Первая встреча с Барышниковым припомнилась Корнилову: приехал, кивнул небрежно, попинал но
гами буровой инструмент, заглянул в устье скважины, задал три или четыре вопроса по существу дела, технически совершенно грамотные, уехал. Уезжая, предупредил: не уроните в скважину какой-нибудь посторонний предмет.
Ну, конечно, Корнилов уже в ту минуту Барышникова уважал.
И теперь угадывал: был ли расчет, была ли выгода Барышникову забить скважину? Может быть, он раздумал строить маслодельный завод и скважина ему не нужна? Может быть, решил перенести завод на другое место?
Обычно Барышников появлялся на скважине в обед, наверное, чтобы не отрывать людей от работы, появлялся минут на пять. «Бурите, буровики?

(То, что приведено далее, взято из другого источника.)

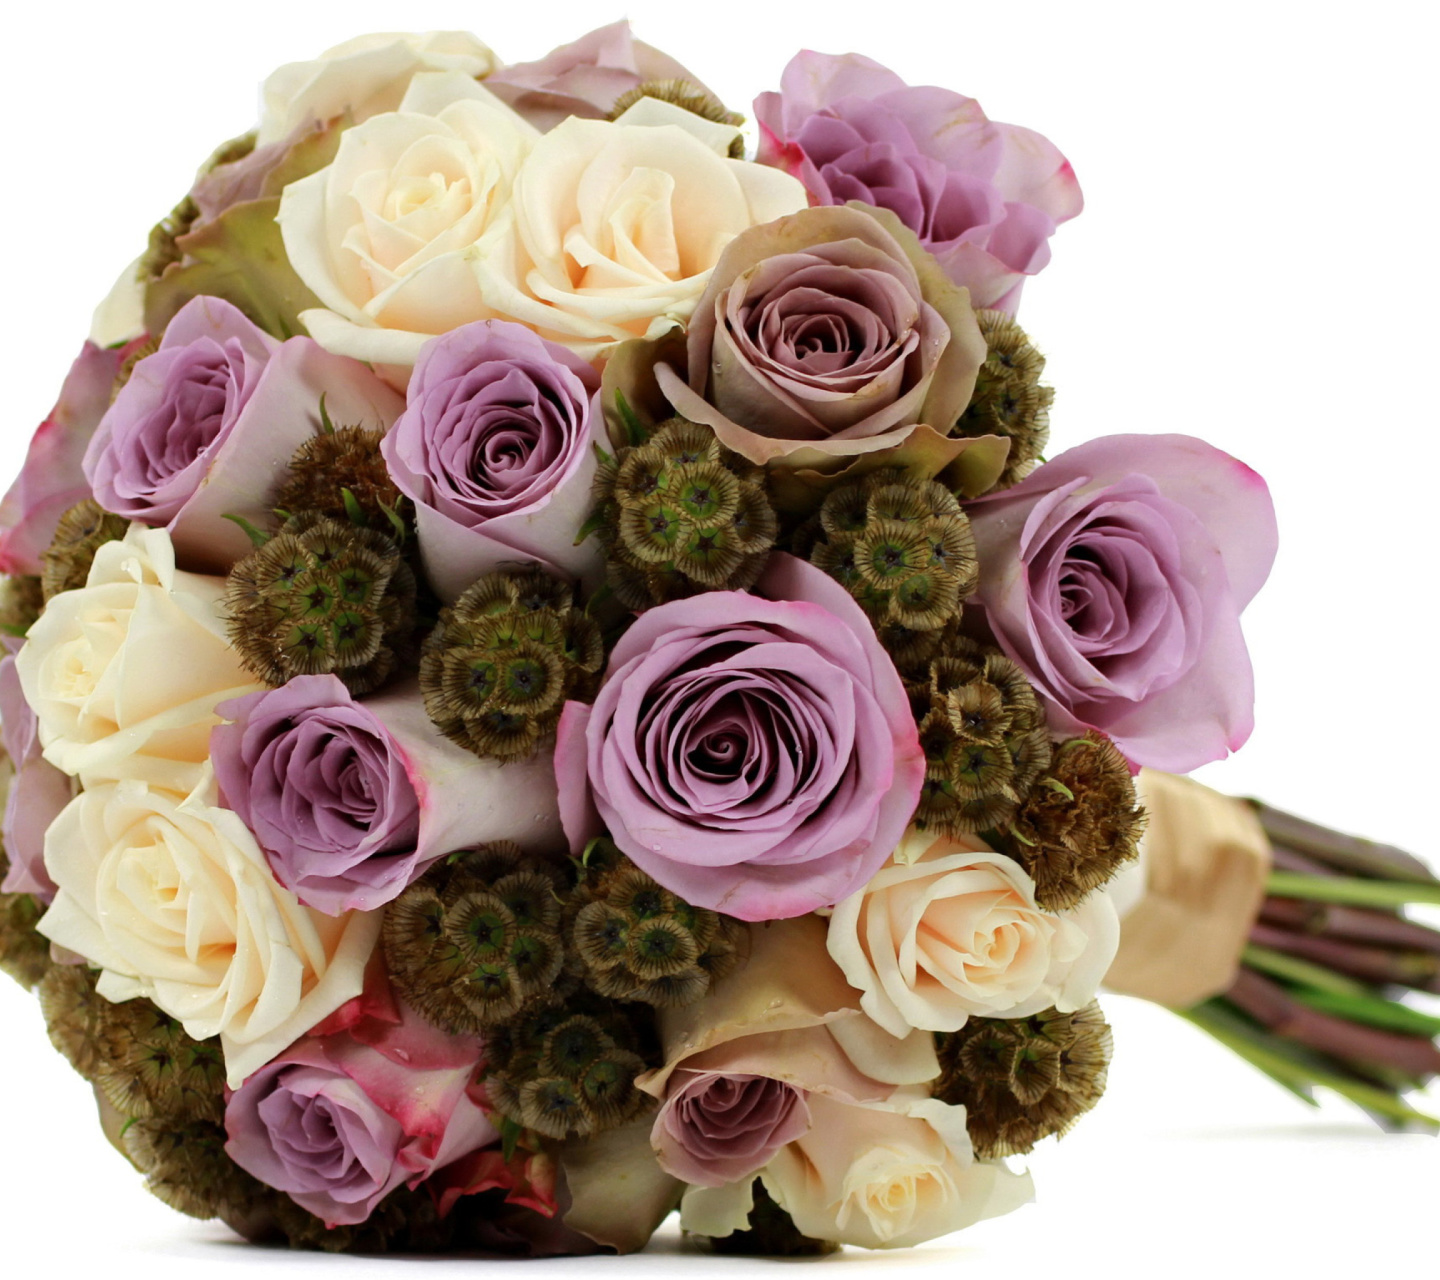 Das Bouquet with lilac roses Wallpaper 1440x1280

Бурите, буровики!» Всегда он был не один, а при счетоводе «Смычки» в желтых форсистых ботинках и с председателем Семенихинского сельского Совета в стираной-перестираной! гимнастерке. Ну, и еще вел он разговор, в каждом слове технический и хозяйский: «Худо будете работать — худо буду платить!», «Сроки не выдержите — сделаю удержание!», «Дойдете до водоноса, ту же минуту позовете меня. Без меня фильтр не опускать я сам должон углядеть это дело!»